Mais de nouvelles idées jaillirent aussitôt dans son esprit et il se dit qu’aucune autre nouvelle ne pourrait surpasser les siennes.
Il entendit alors quelqu’un cogner à sa porte.
« Entrez… » dit-il.
Un petit bonhomme barbu et maigre pénétra dans le bureau. Il ressemblait à une vieille chauve-souris qui aurait trouvé ses vêtements dans une poubelle. Il en avait aussi l’odeur !
« Bon-jouuuuur, Père Noëëëël, dit-il avec une voix aigrelette.
- Bonjour, Père Fouettard !
- Vous me reconnaissez ?
- Mais bien sûr ! Qui ne connaît pas le célèbre Père Fouettard ?
- Ah… j’ai quelque chose à vous demander… j’aimerais vous…
- Mais bien sûr ! Vous pouvez m’aider à distribuer les cadeaux aux enfants ! J’en serais très honoré ! Mais j’aimerais d’abord vous lire quelques histoires. Vous me donnerez votre avis. »
Le Père Fouettard l’écouta attentivement, puis fila chercher le traîneau du Père Noël.
Au bout de plusieurs heures, le Père Noël se connecta sur le site de Plume Rouge sur Blanc pour poster enfin ses 24 nouvelles. Il était très content de son travail ; en particulier de son tout dernier récit qui était vraiment exceptionnel. La chute était incroyable et allait surprendre tous ses lecteurs.

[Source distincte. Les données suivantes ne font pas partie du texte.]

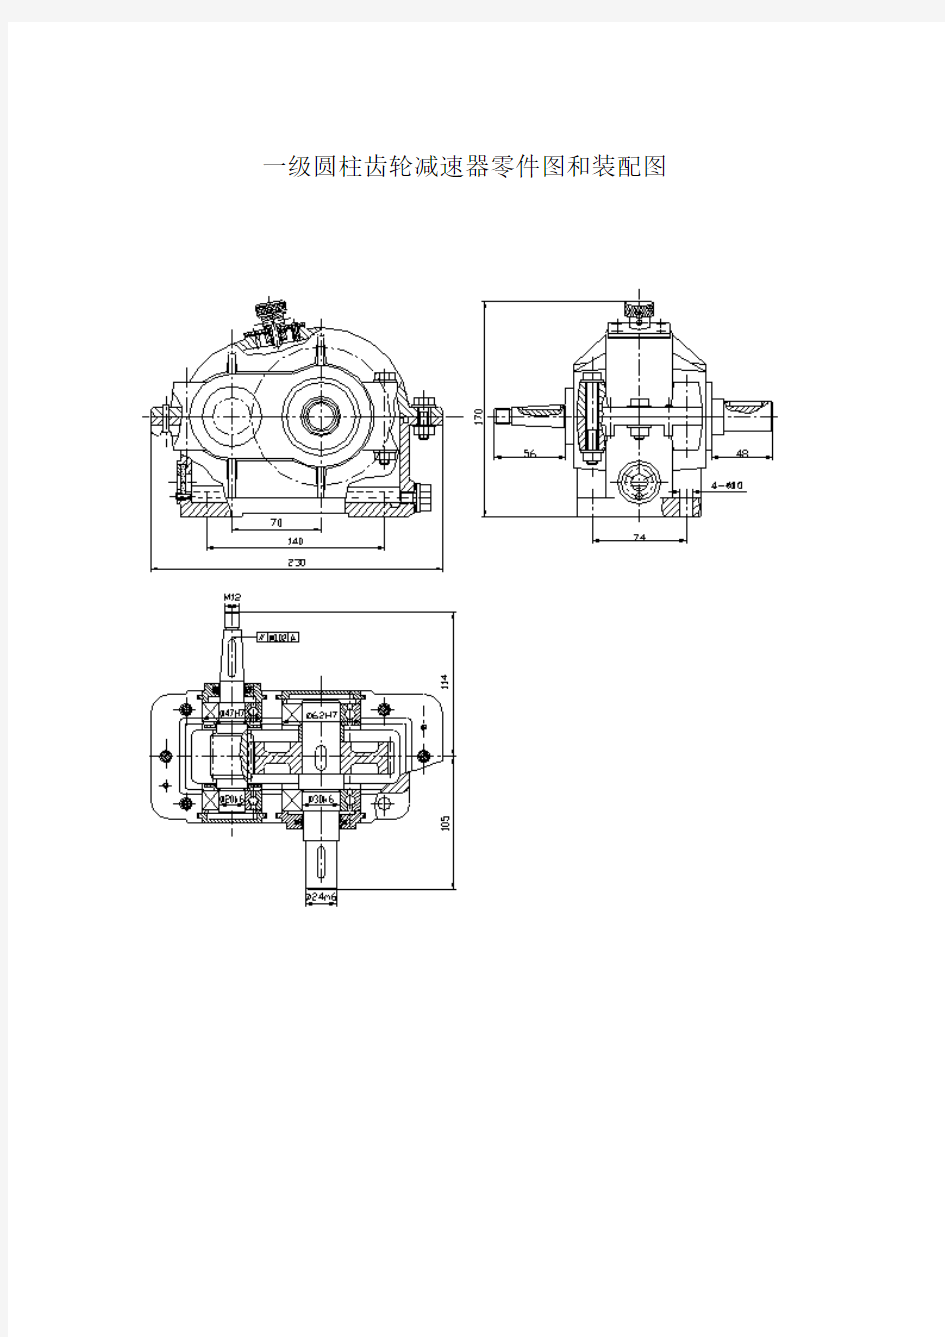 一级圆柱齿轮减速器零件图和装配图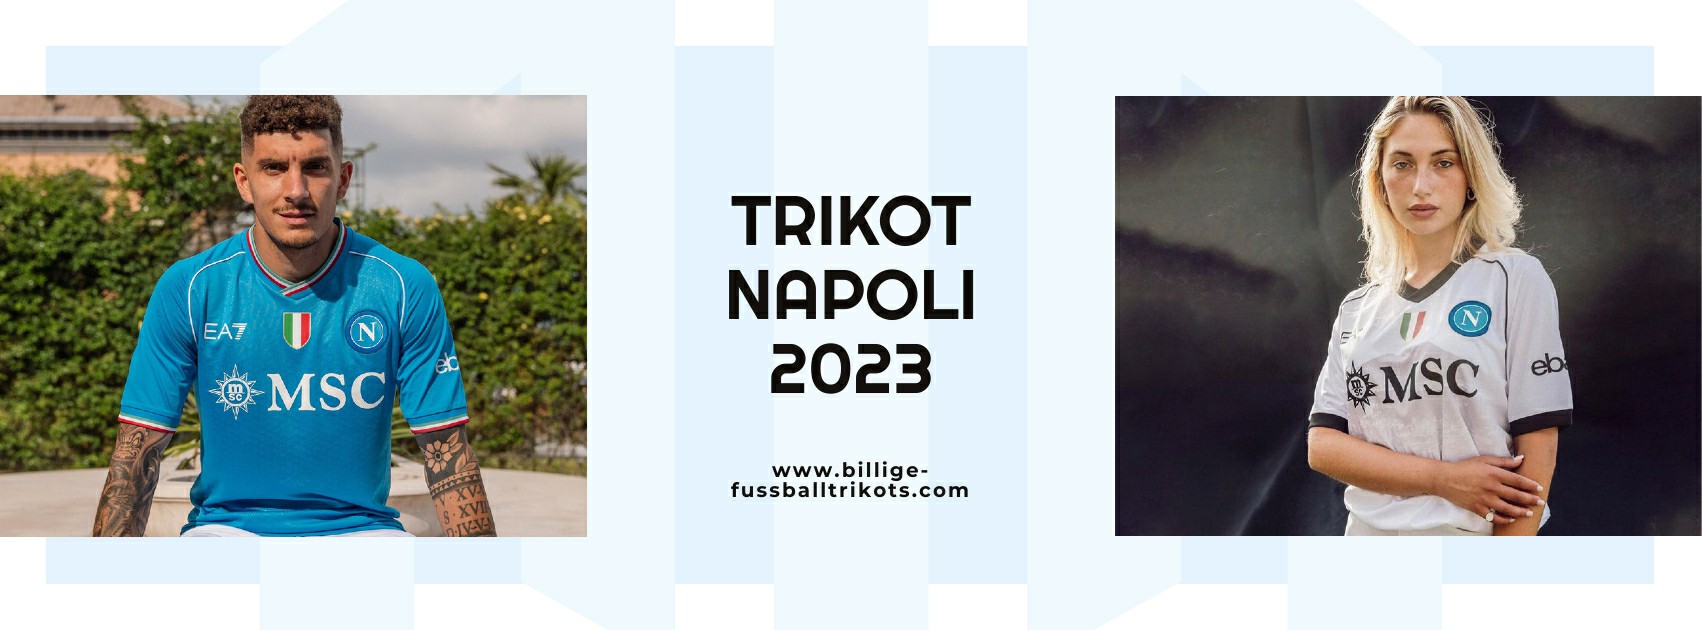 Napoli Trikot 2023-2024

A cet instant, l’horloge sonna sept heures du matin… il venait de passer la meilleure nuit de Noël de toute sa vie.
Il entendit alors trois coups secs retentir à sa porte.
« Entrez ! » dit-il.
Deux policiers, grands et costauds, entrèrent dans son bureau.
L’un des deux lui dit : « Au nom de la loi, je vous arrête ! »
L’autre ajouta : « Je dirais même plus, au nom de l’arrête, je vous loi ! »
Le Père Noël répondit : « Je ne comprends pas, les enfants ont bien reçu leurs cadeaux.
- Parlons-en, de ces cadeaux : des tronçonneuses, des pistolets, des marteaux, des bâtons de dynamite… vous vouliez former une armée d’enfants, ou quoi ? »
Juste avant que les policiers ne lui passent les menottes, le Père Noël glissa au fond de sa poche un drôle d’ouvre-boîte rose fluo à paillettes.
A leur arrivée au commissariat, Dupond et Dupont ne comprirent pas comment leur prisonnier s’était transformé en un petit bonhomme barbu et maigre, ressemblant à une vieille chauve-souris et sentant le poisson pourri.